Only the pictures should be left out; repeat the rest of the data exactly.

> Supplied information
-.-.-

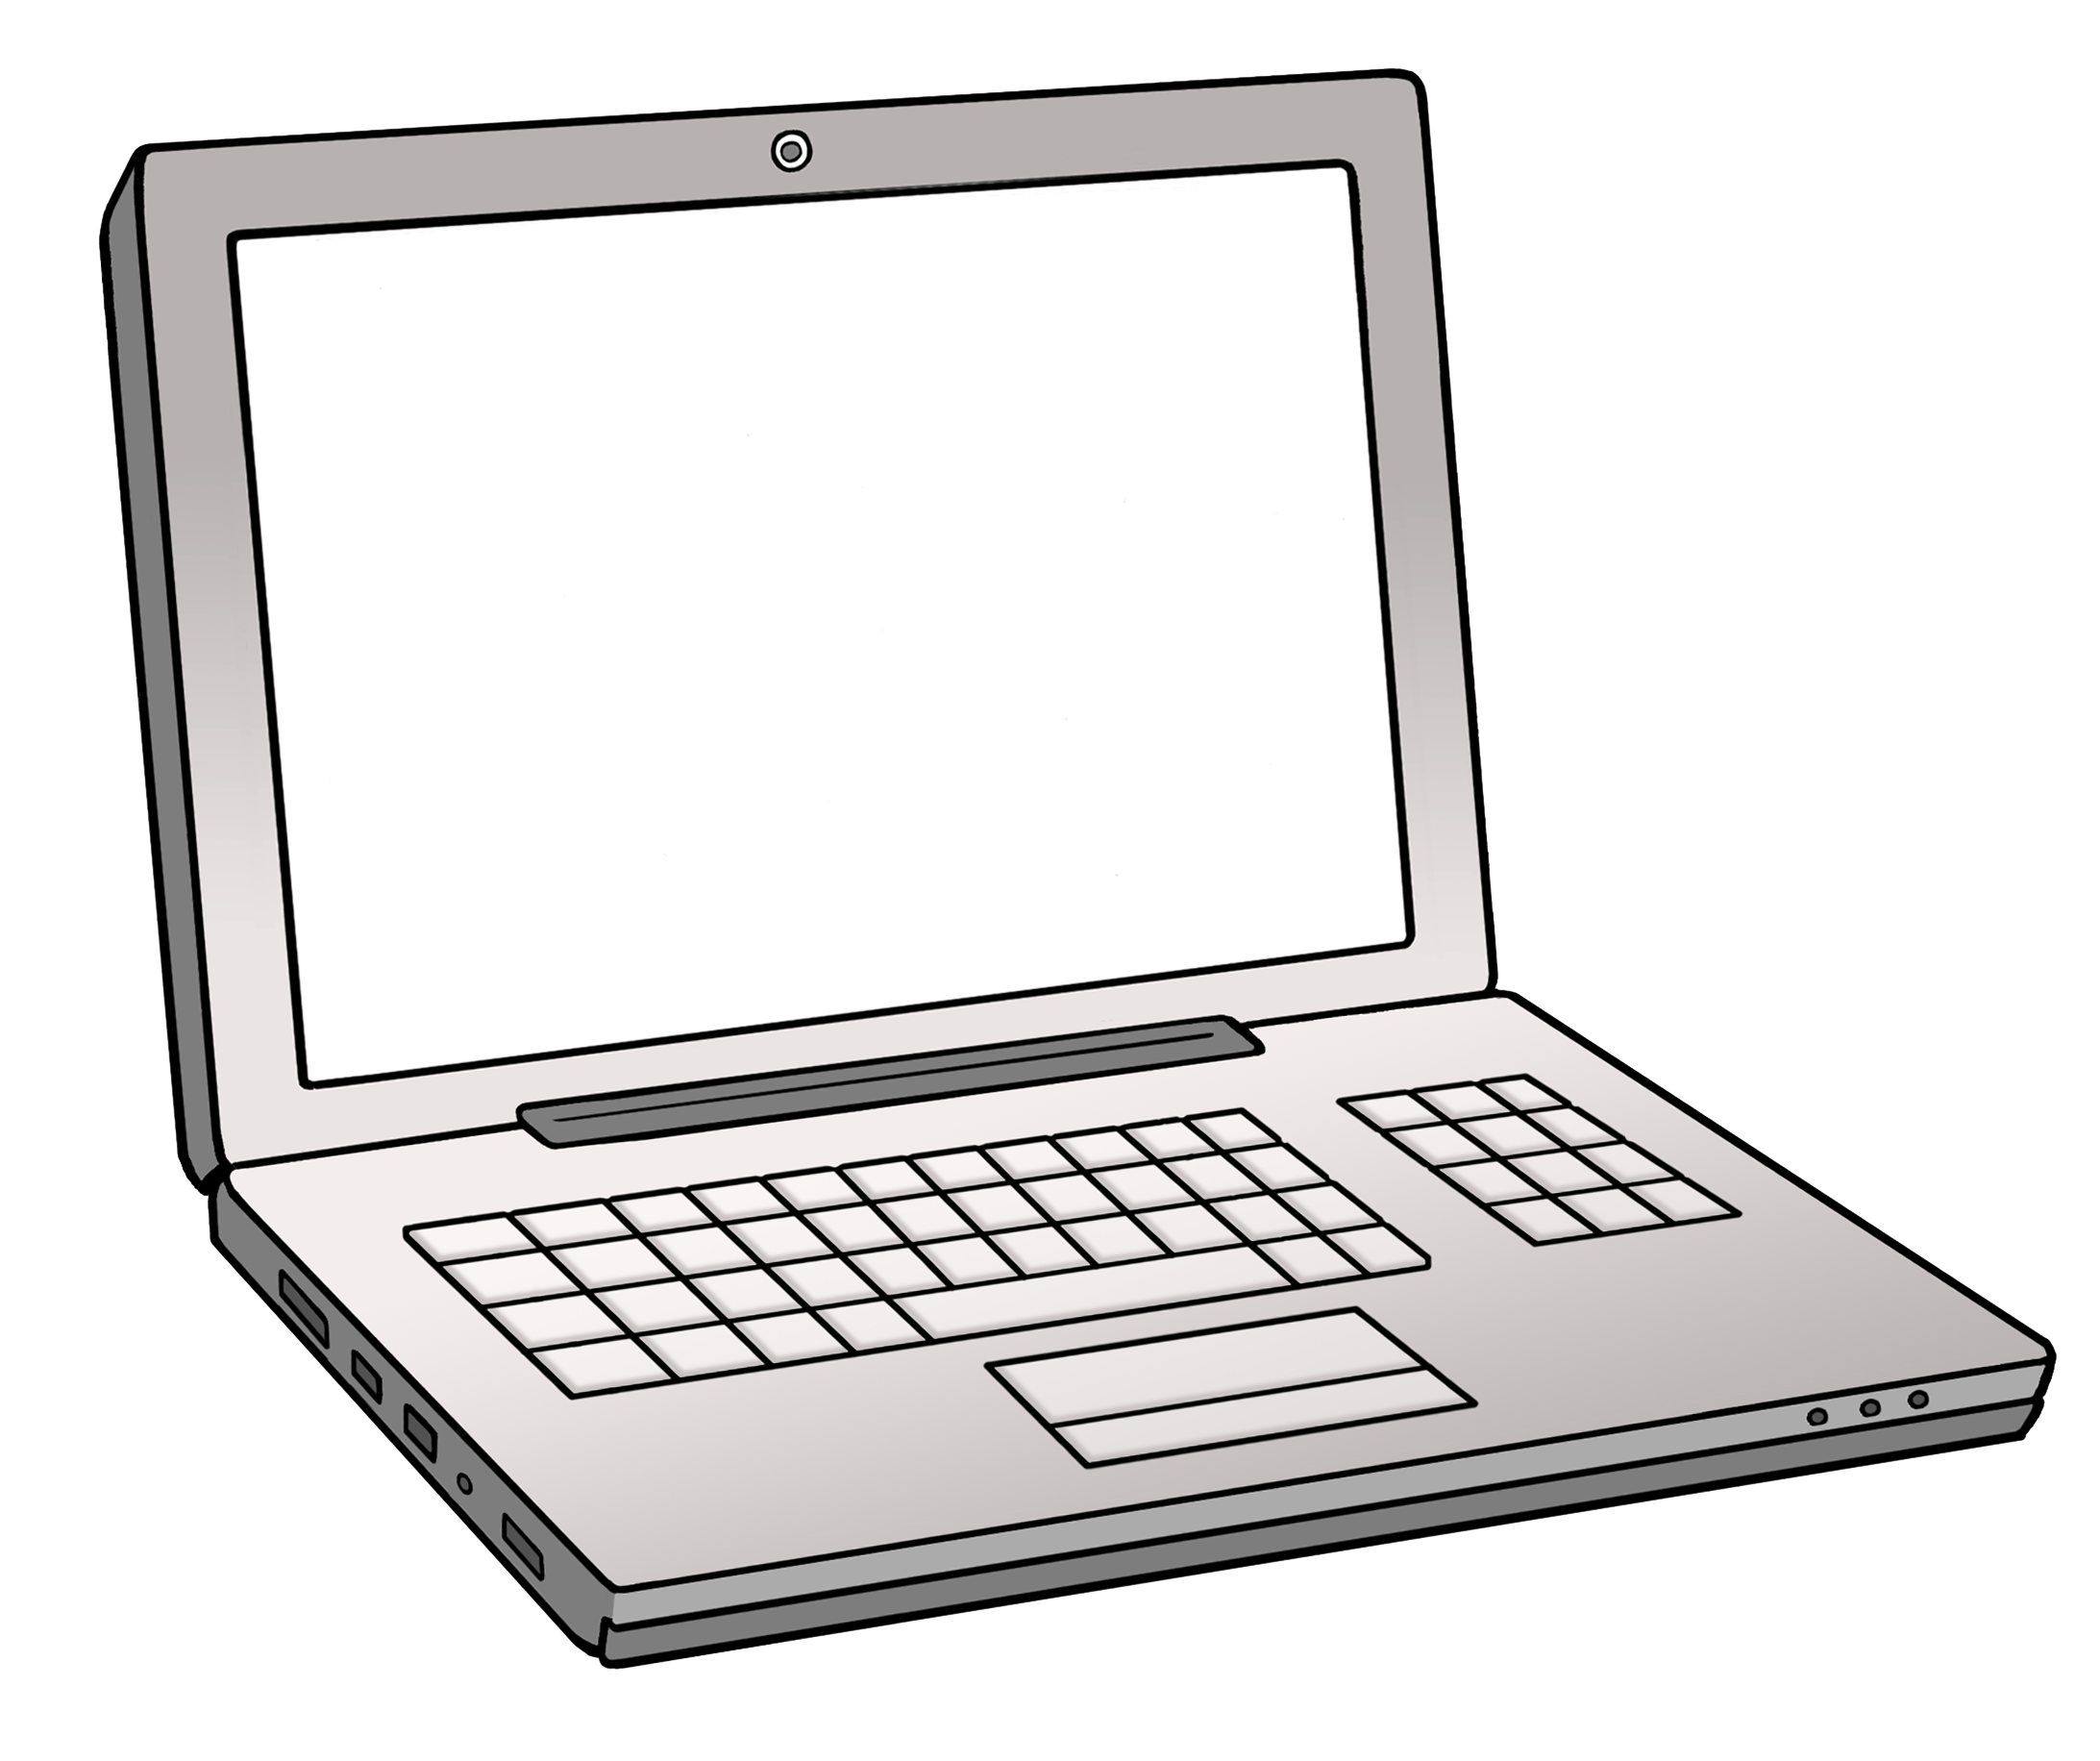 Zeichnung eines Laptops. 
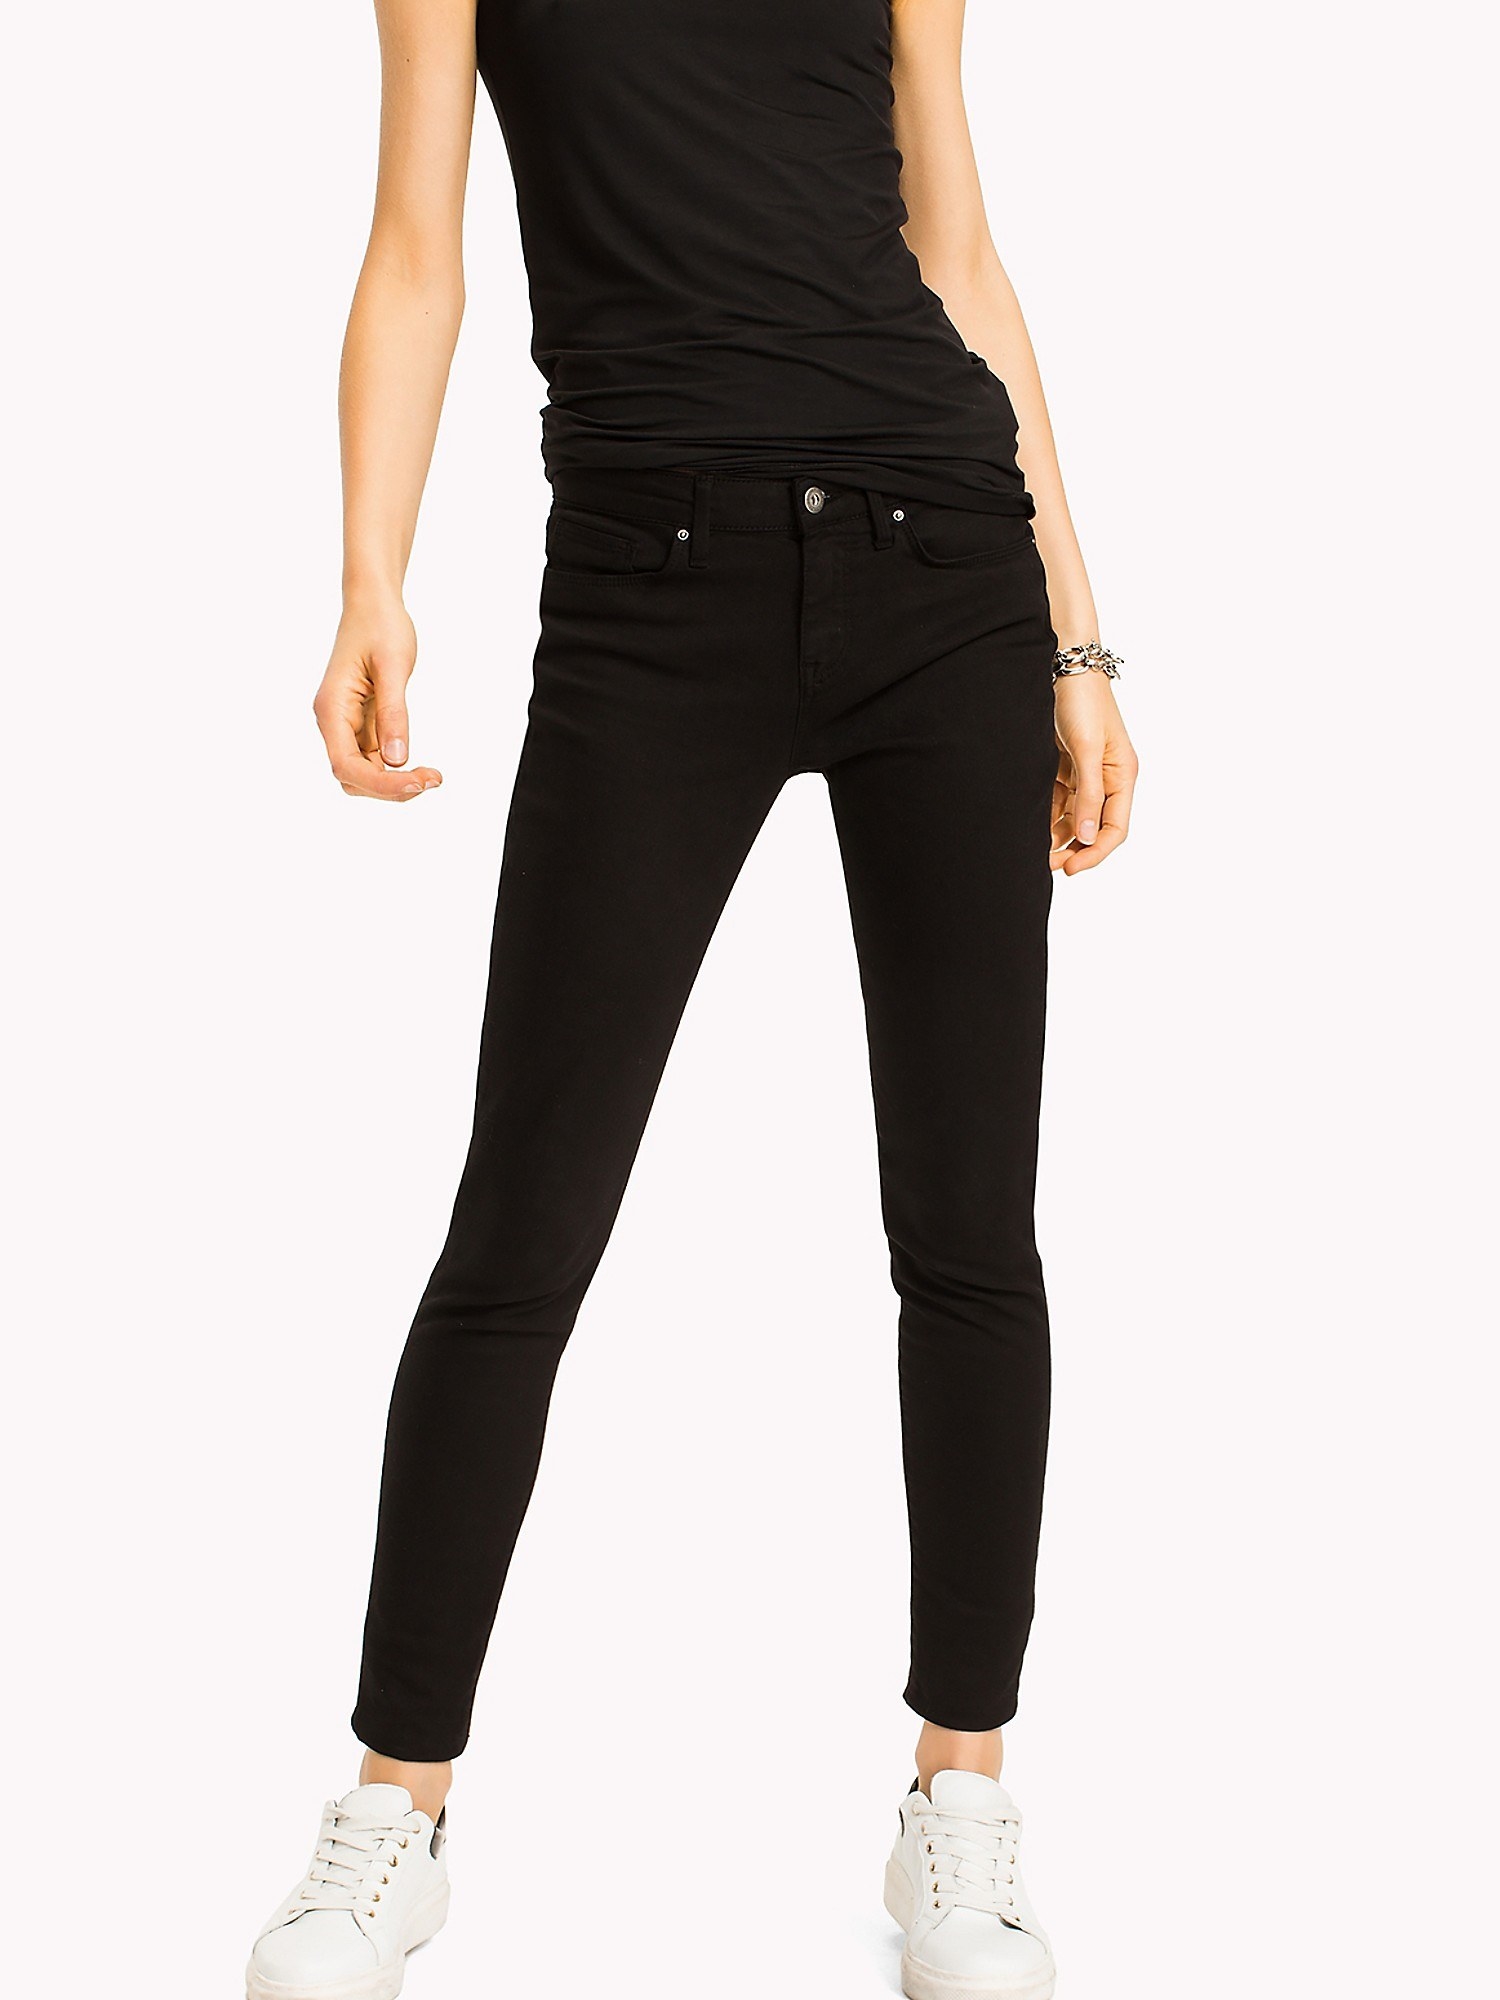 Model wearing black Jegging Fit Jean
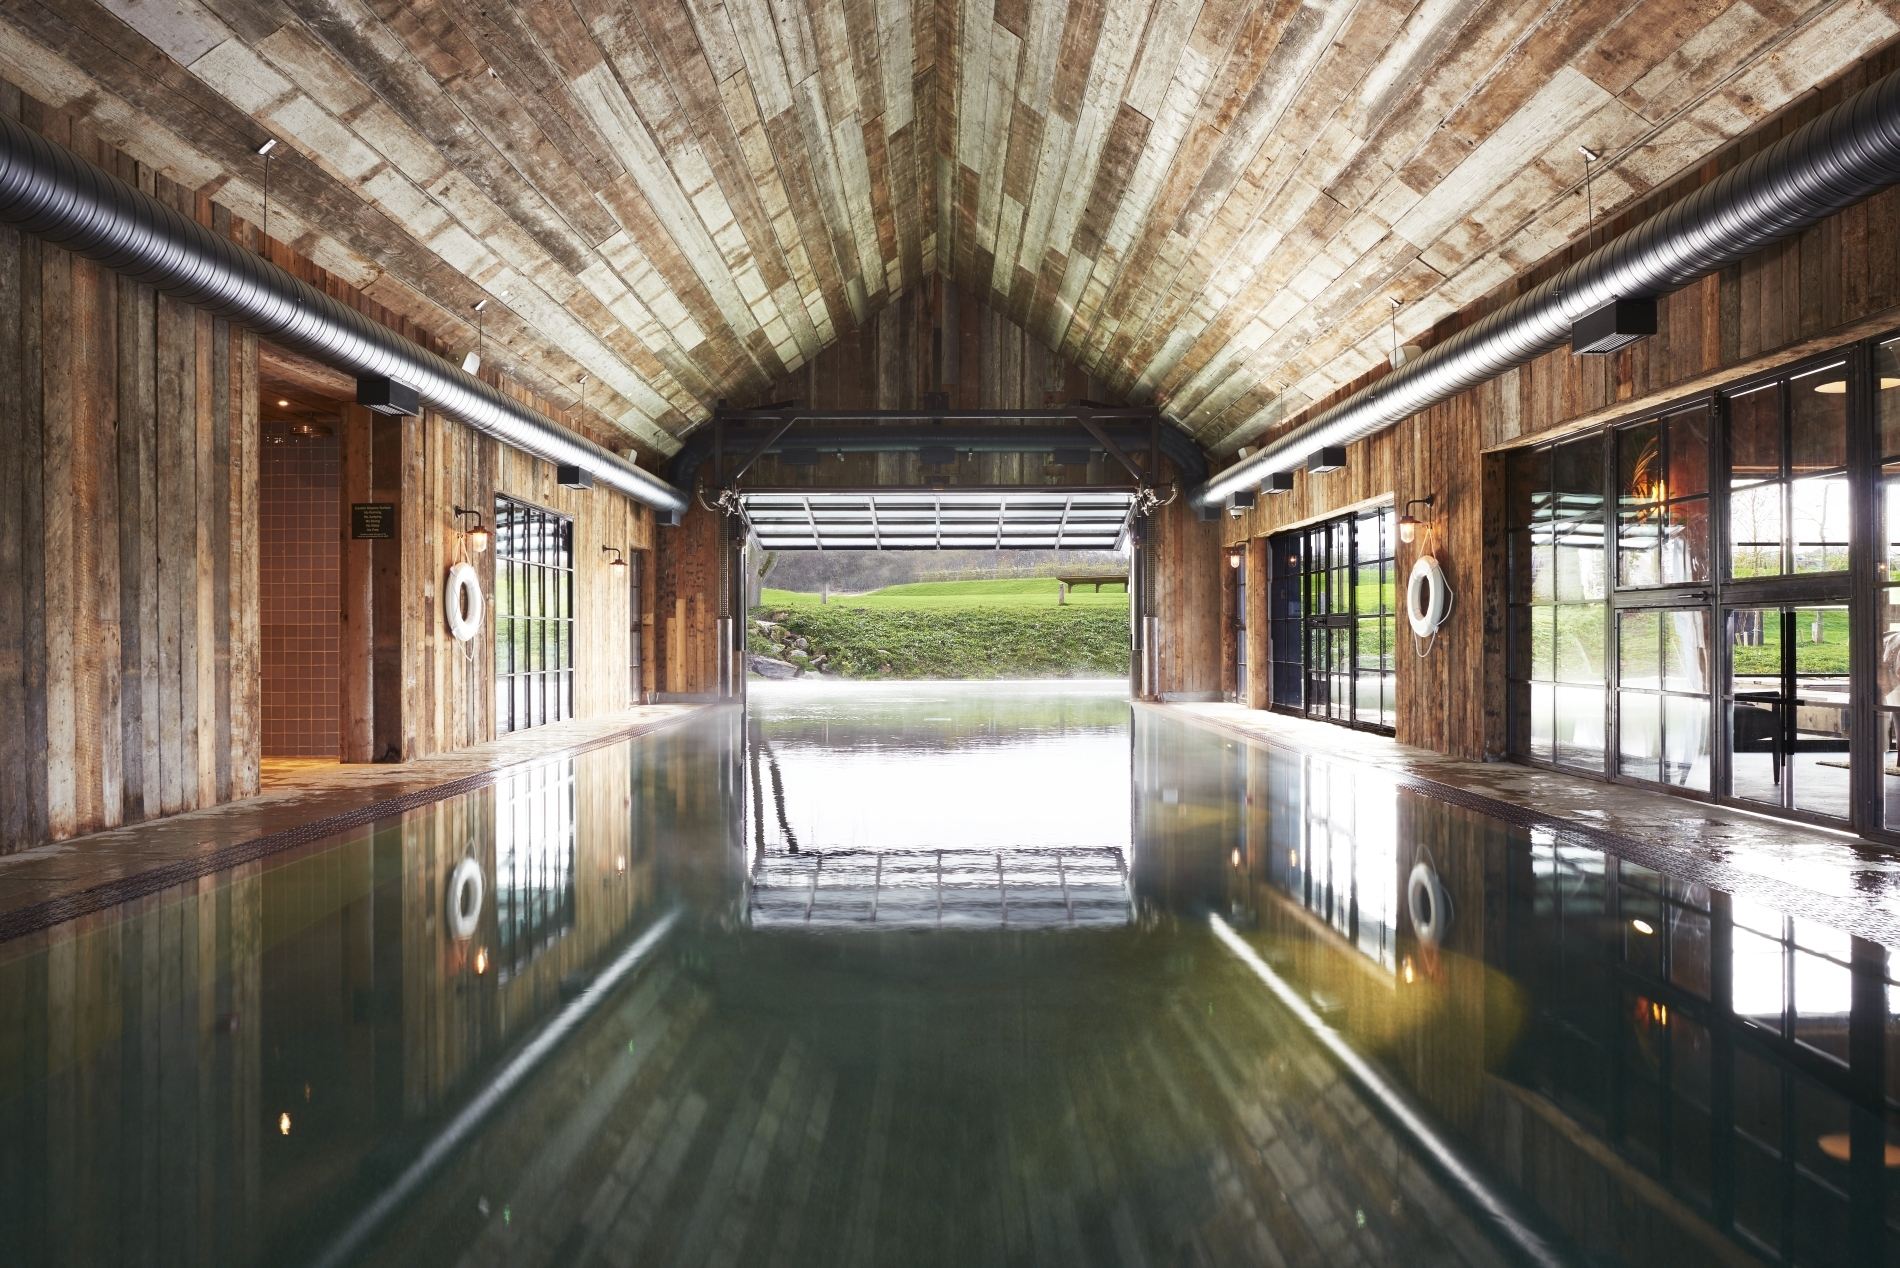 großer innen pool im bootshaus mit holzdecke und blick nach draußen im exklusiven soho farmhouse in england Oxfordshire

-.-.-

> Result of this task
 Zeichnung eines Laptops. 
 Model wearing black Jegging Fit Jean
 großer innen pool im bootshaus mit holzdecke und blick nach draußen im exklusiven soho farmhouse in england Oxfordshire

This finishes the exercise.